Man in the Moon is a 1960 comedy film directed by Basil Dearden. The film stars Kenneth More and Shirley Anne Field.

Plot
William Blood (More) is a man who appears to be immune to all known diseases, and possesses extraordinary resistance to heat and cold – a fact he puts down to his carefree, single life, never committing to any woman, and never being worried by anything. He makes a living working for medical researchers who are trying to find cures for various diseases and conditions (notably the common cold and seasickness).
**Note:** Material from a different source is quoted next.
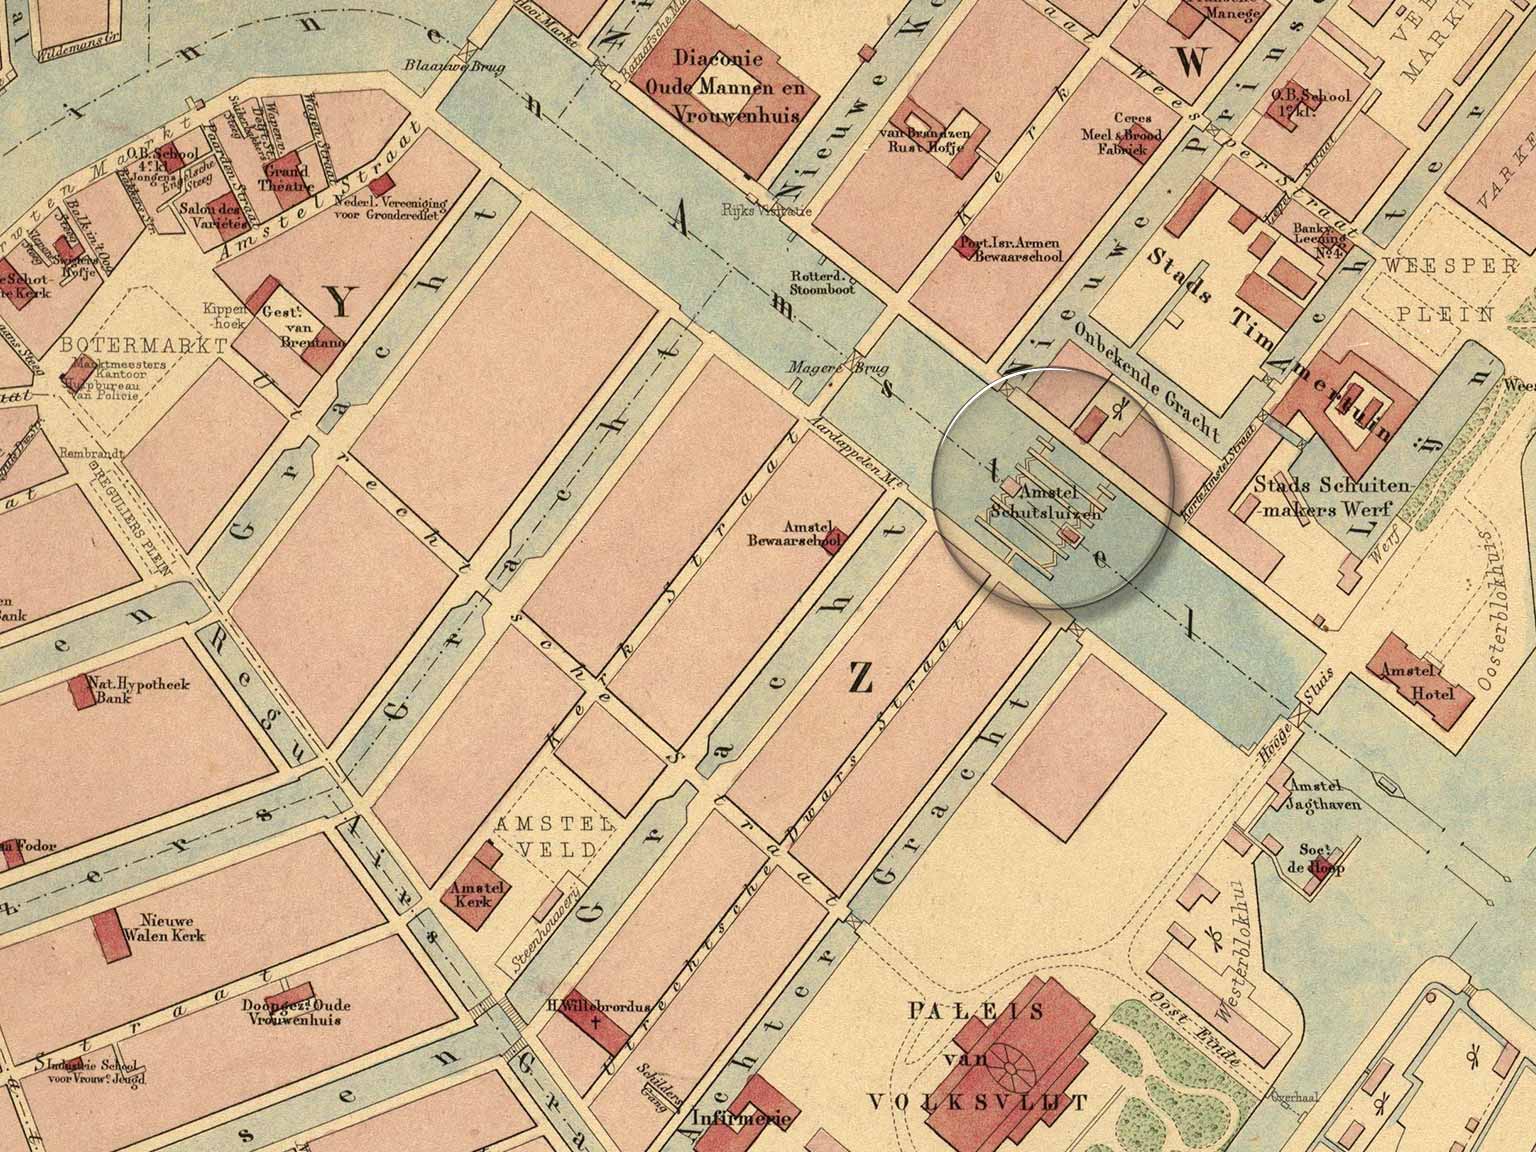 Amstel Locks, Amsterdam, on a map from 1882

Blood is offered a job by Dr Davidson (Hordern) to become the passenger of a high altitude test flight, but the real job is to become the first man to land on the Moon. The truth is kept from him because of the extreme danger involved, and because he is regarded as expendable. He undertakes training with three other potential astronauts, including Leo (Gray), all expensively trained and more qualified for the job but without Blood's extraordinary resistances. Blood never really fits in with the others and, when a £100,000 reward is posted for the first man to land on the Moon, they seek to sabotage his chances and have one of their number selected instead.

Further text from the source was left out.